The word made him skittish. His hand went to his collar again. 'Forgeries? No, when did I use the word forgeries? Did you hear me use the word forgeries? We could fill this museum- your museum too, and the Louvre, and the Metropolitan-with disputed attributions without ever touching on forgeries, isn't that so?'

I had to admit it was so.

'No,' he said, 'I didn't say forgeries, I said only… I meant only… inferior works.'

'So what are you worried about?' Charpentier asked brusquely. 'Haven't I just finished telling you that this Leger of yours is an inferior work? You already know it. What sinister surprise is to be feared?'

Froger shook his head darkly. He still didn't trust the son of a bitch.

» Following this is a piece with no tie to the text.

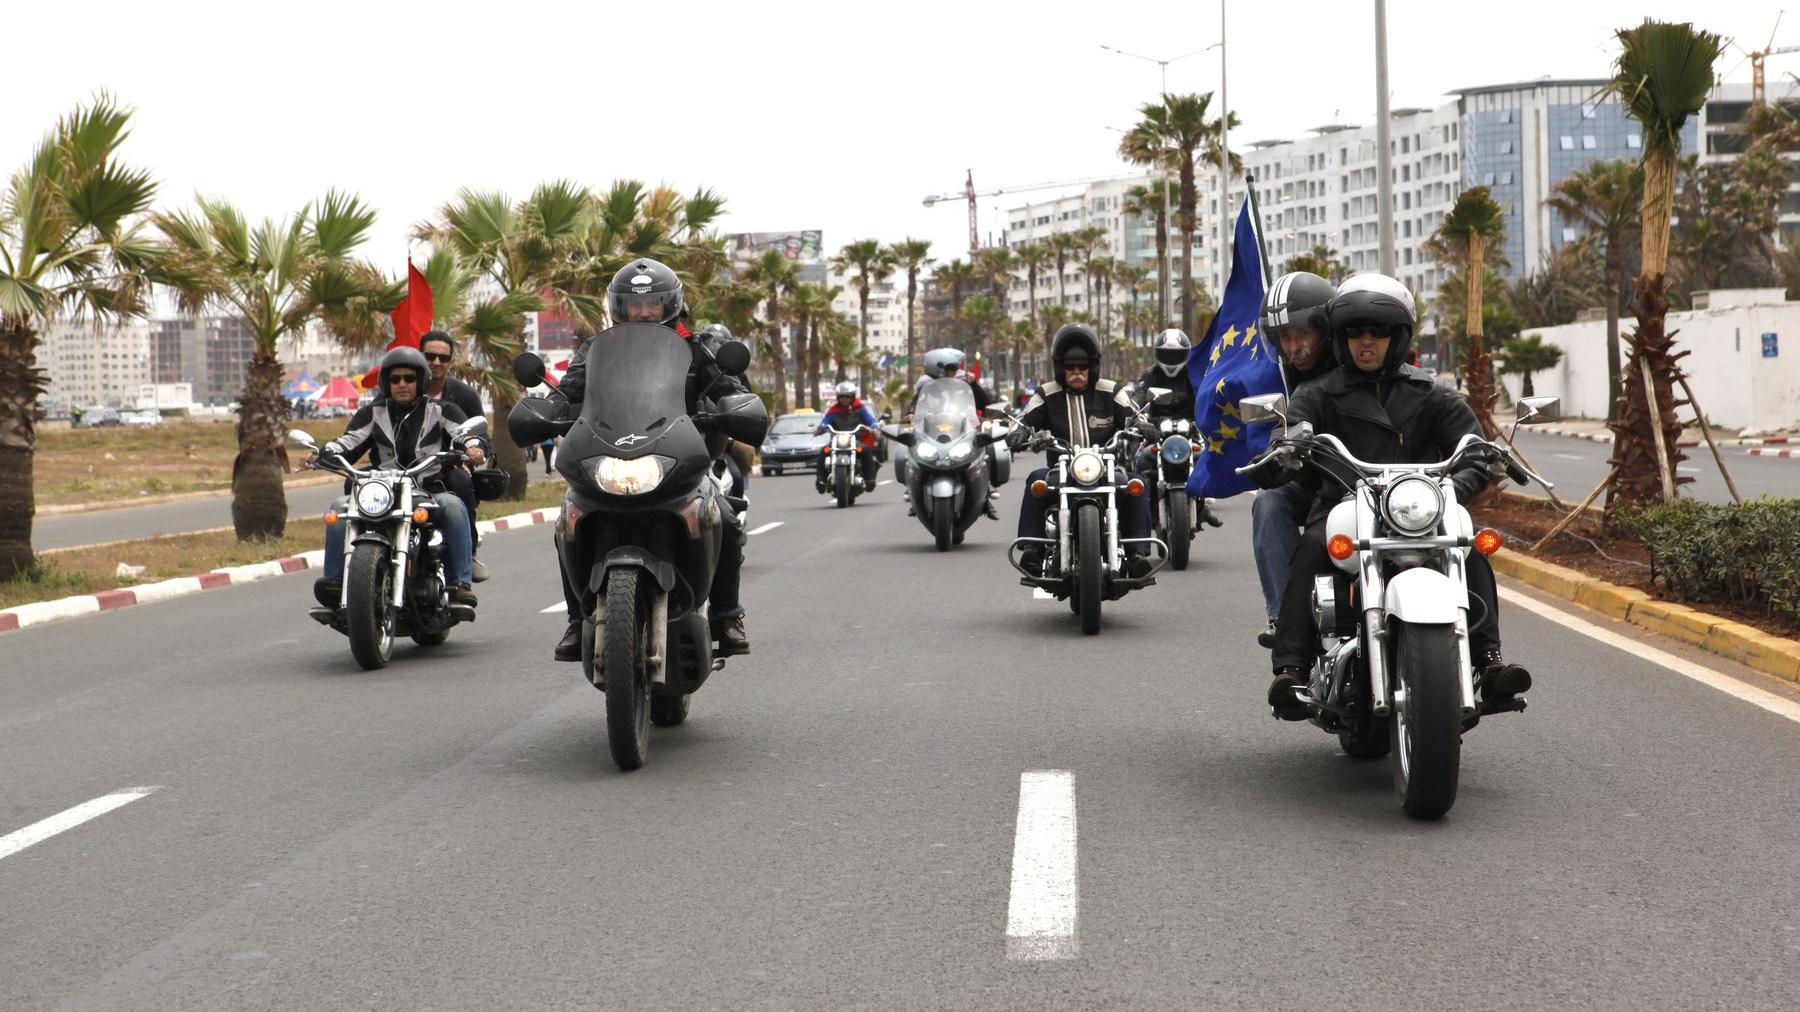 Pour sa première édition "Casa Motards" a accueilli des bikers des quatre coins du monde.

Charpentier ground out his cigarette in the ashtray, and stood up. 'I don't see what else there is for me to tell you. I'll give you a report in a few days, but there won't be anything startling in it. Are you going to accept the painting?'

'I-yes, I suppose so. Isn't that what you're advising me? Isn't that what it comes to? If it isn't too much to ask for your advice.'

'I'm advising you to put it in one of the dark corners with which the Barillot is so richly supplied. If you're lucky, no one will notice it. Good day, Edmond.'

Chapter 13

It was only two o'clock, but I was fatigued and still a little tottery from the previous night's episode, so I went back to the hotel to put my feet up, once again taking the chattering old elevator to the fourth floor instead of walking. Inside the room, I took off my shoes, plumped up the pillows, and lay back on the bed. It felt good too.

Charpentier's remarks had started me thinking about this business of the tests again. He'd overdone it, but he was essentially right about laboratory analysis not being as useful on forgeries of modern paintings as on forgeries of old ones. The best thing a test can do for you in pinpointing a fake is to show you that a purported 360 -year-old Rembrandt is painted on a 50-year-old canvas, or uses pigments that weren't developed until the late nineteenth century, or is painted over a picture of a 1960 Ford Fairlane. The older a picture is supposed to be, the more a lab has to go on. From that standpoint, it would seem that, of the two-the Leger and the Rembrandt-the likelier candidate for fake was the Rembrandt. That was Charpentier's point.

But we weren't dealing with a modern forgery of a Rembrandt; of that I was sure. As a matter of fact, there weren't many modern forgeries of them around-precisely because there were so many Rembrandt-like paintings still available from Rembrandt's own time. At the worst, that's what An Officer was. And all the scientific wizardry in the world can't help you detect a 360-year-old fake of a 360-year-old painting..

So what was the point of the prohibition? I was right back at what Calvin had aptly enough called square one.